Problem to work on: The lines to extract begin at the line that contains "فستان بديكون مخطط" and run through the last line of the listing; reproduce them exactly, minus any pictures.

---- Collected material

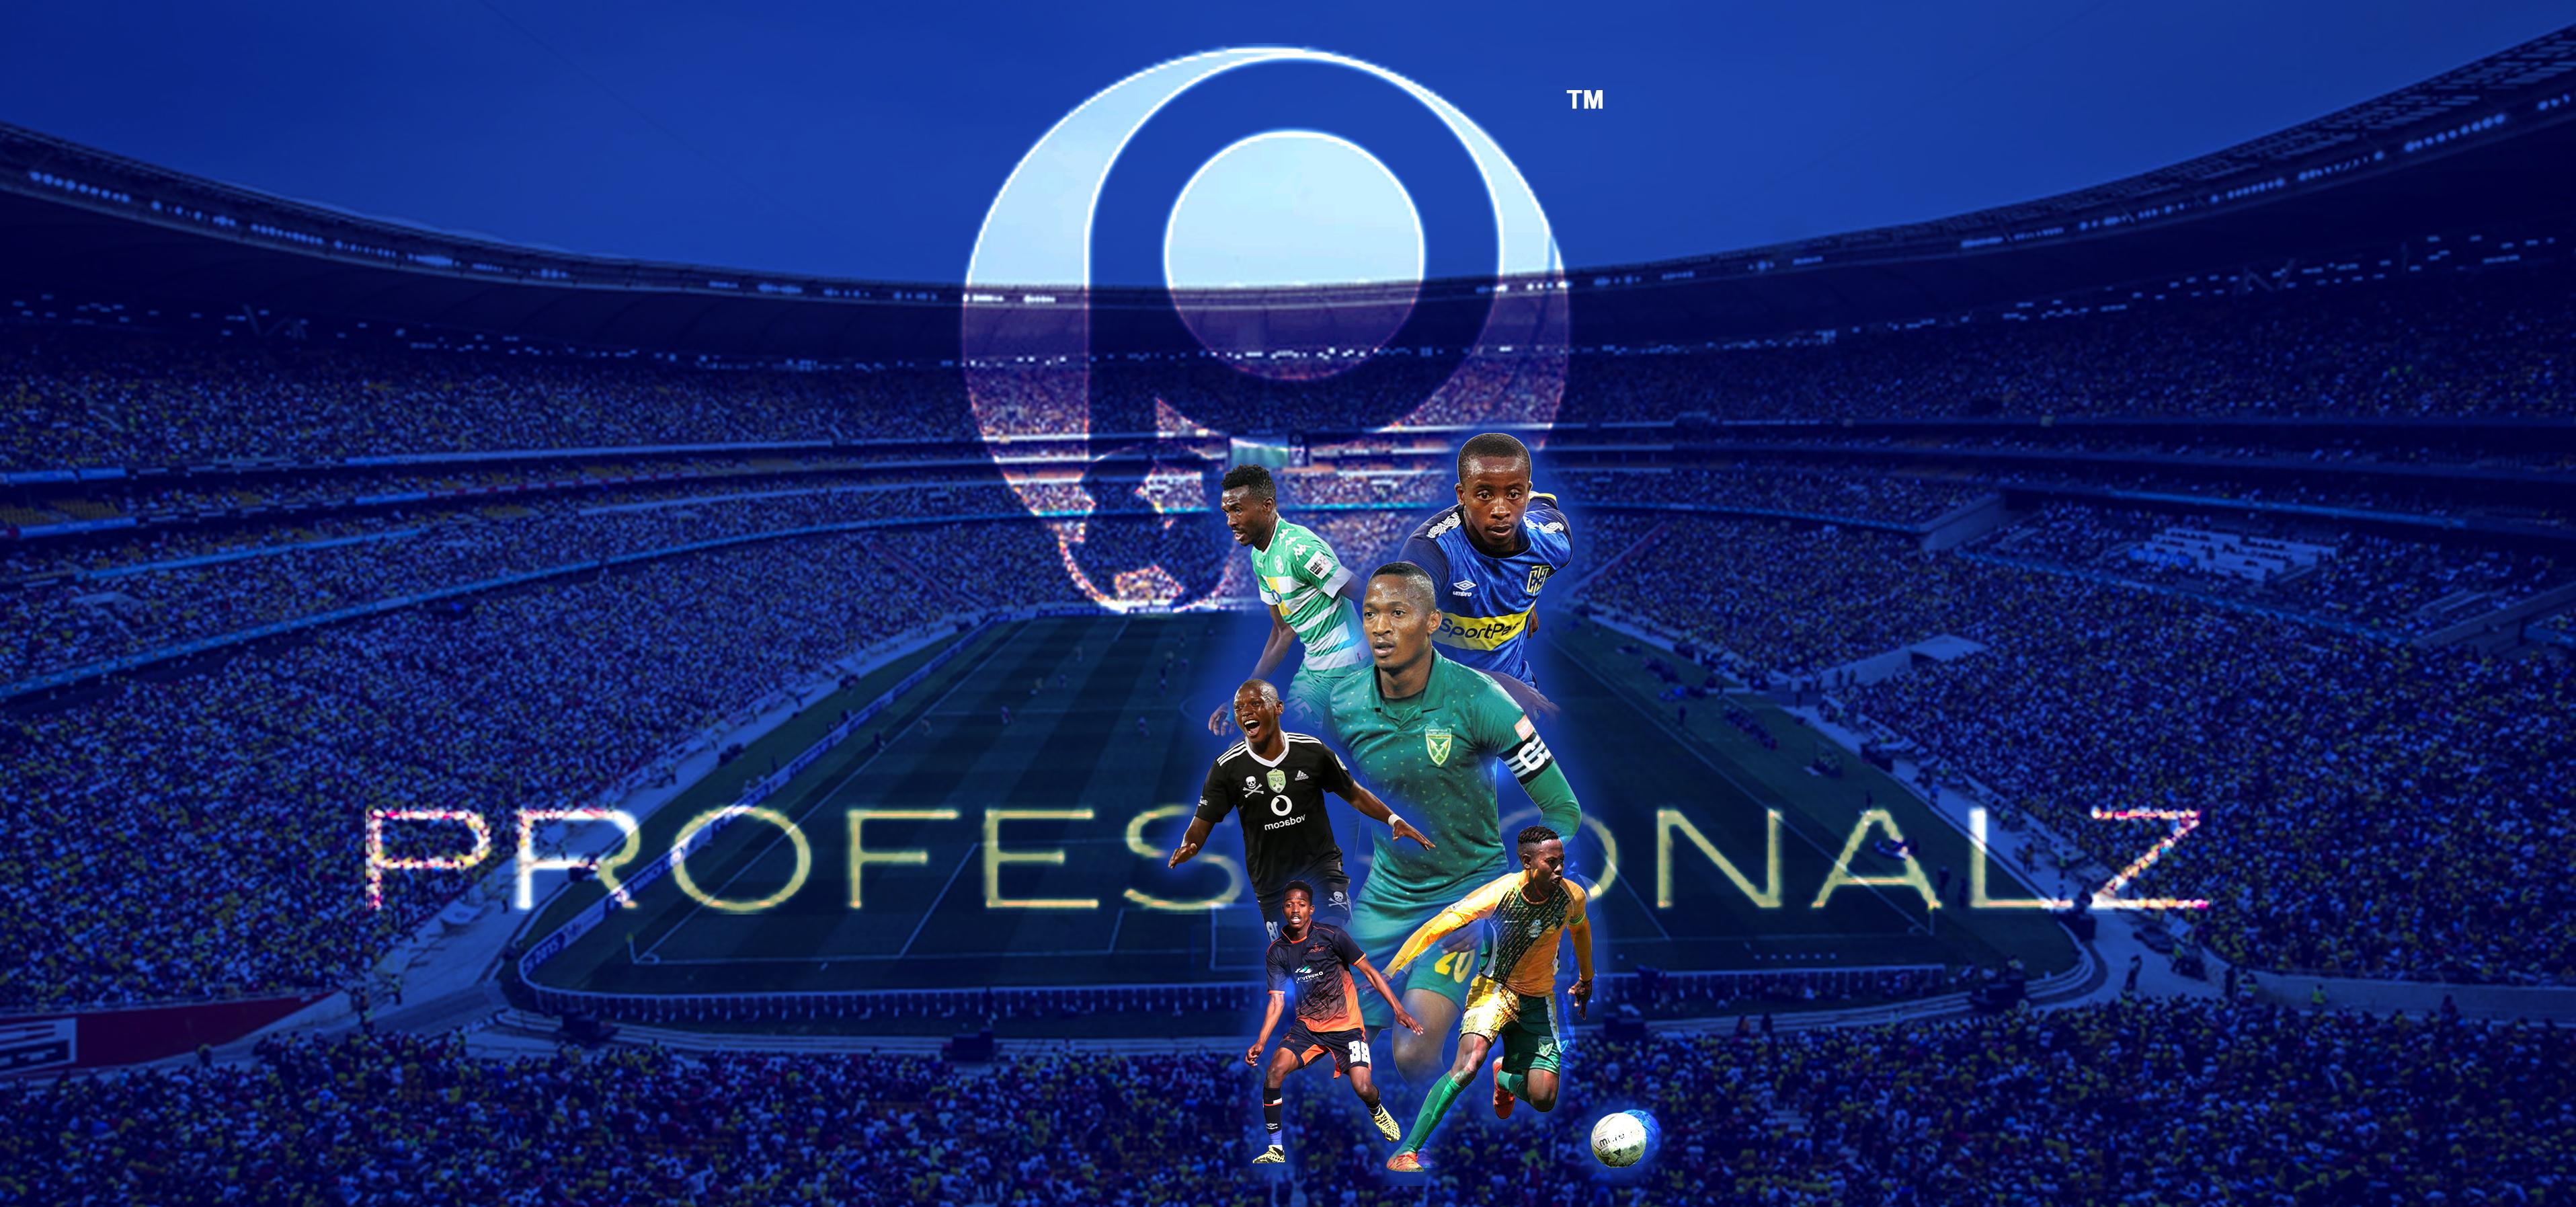 Soccer-Profile-00-1
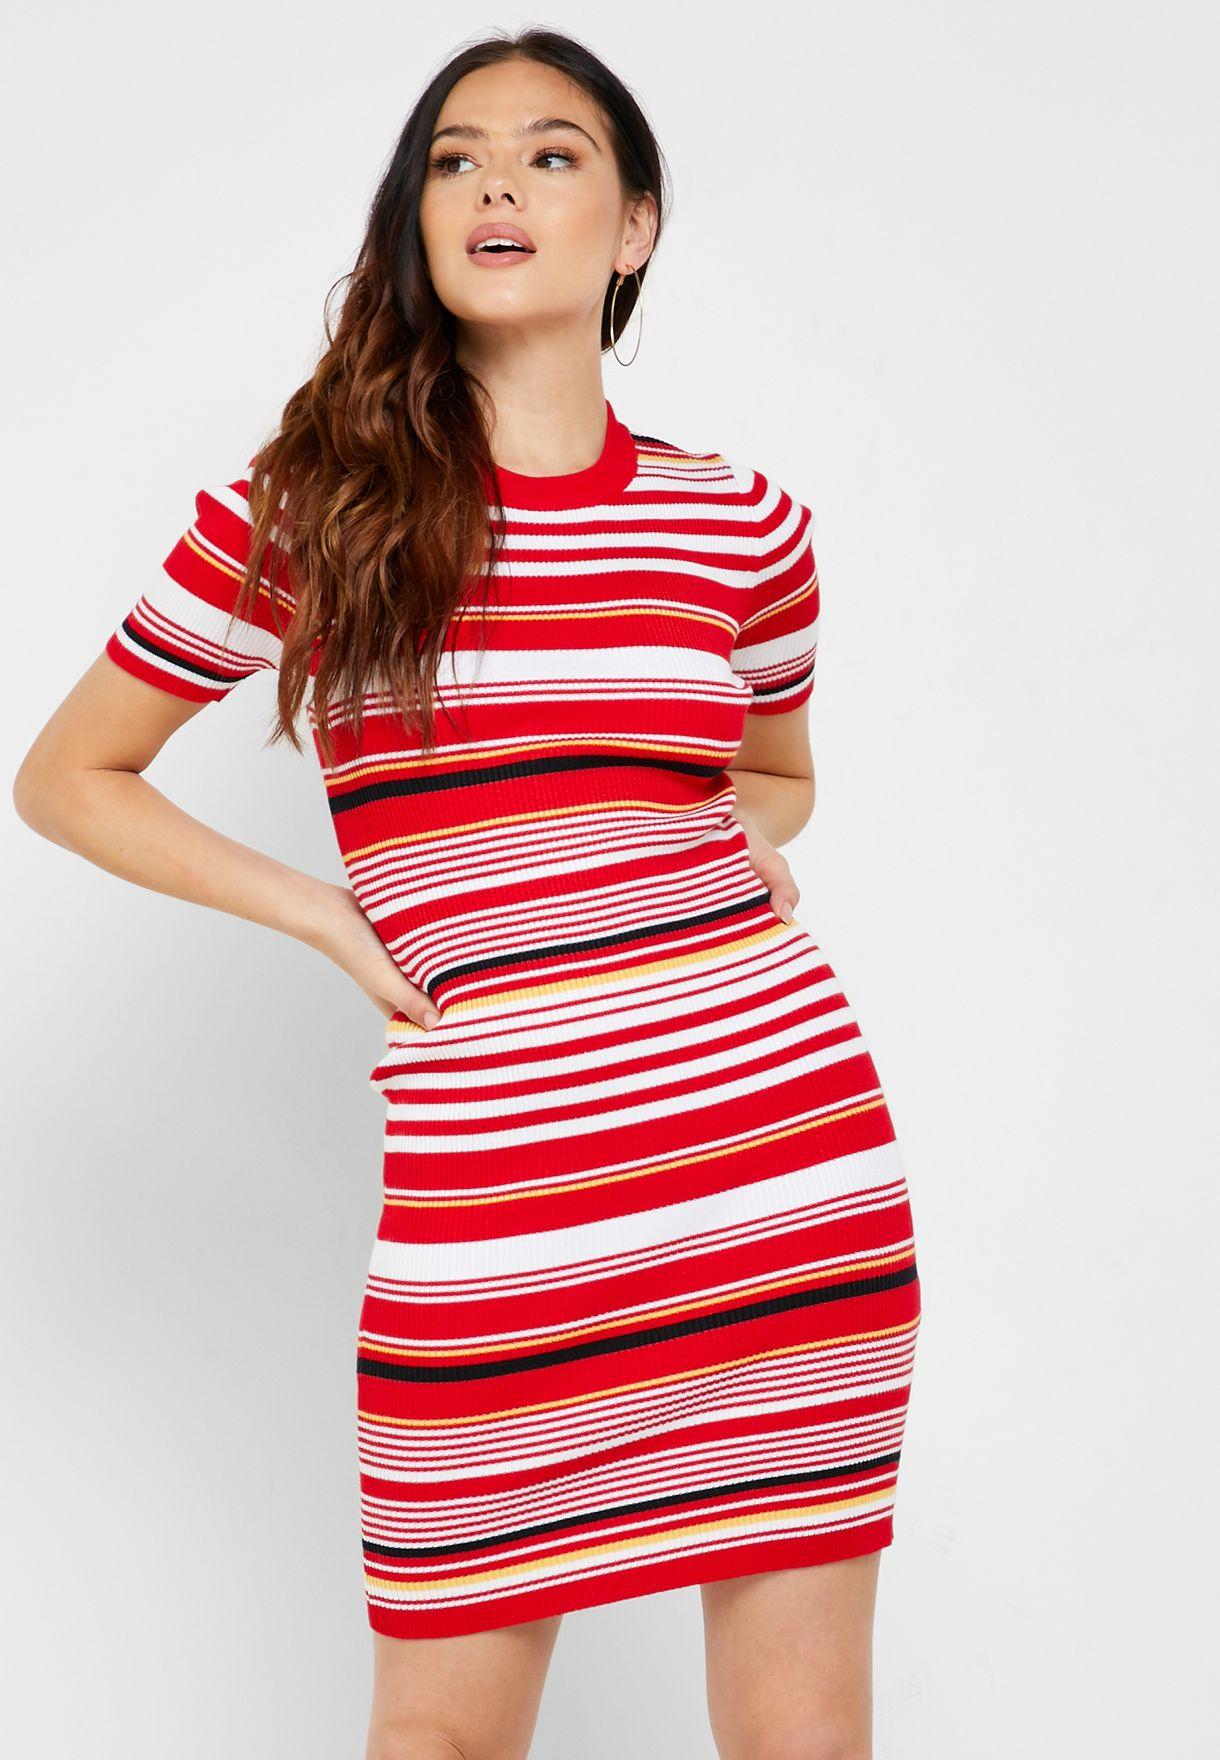 فستان بديكون مخطط
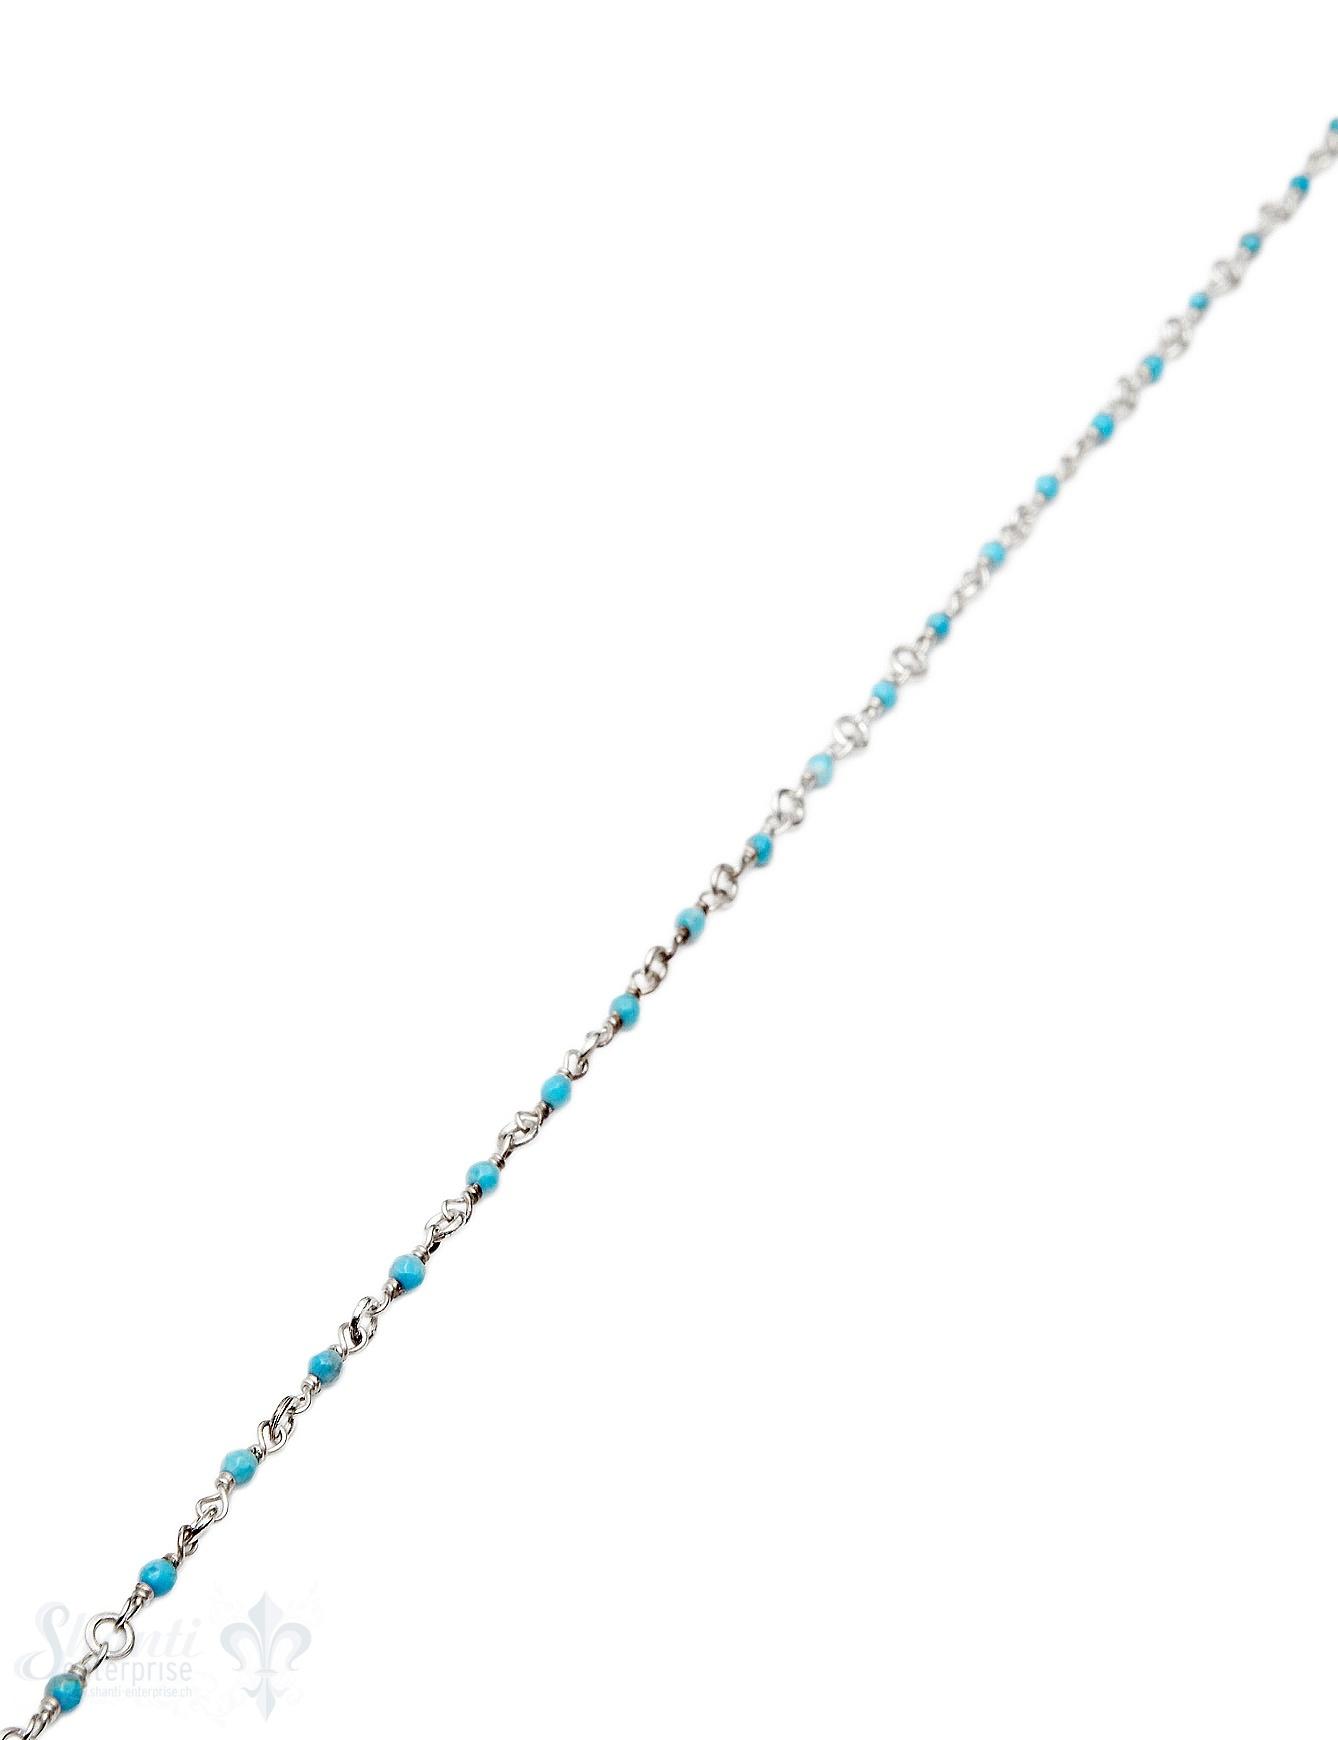 Rosenkranzkette Türkis gepresst himmelblau 2 mm ru

--------

Answer to this exercise:
 فستان بديكون مخطط
 Rosenkranzkette Türkis gepresst himmelblau 2 mm ru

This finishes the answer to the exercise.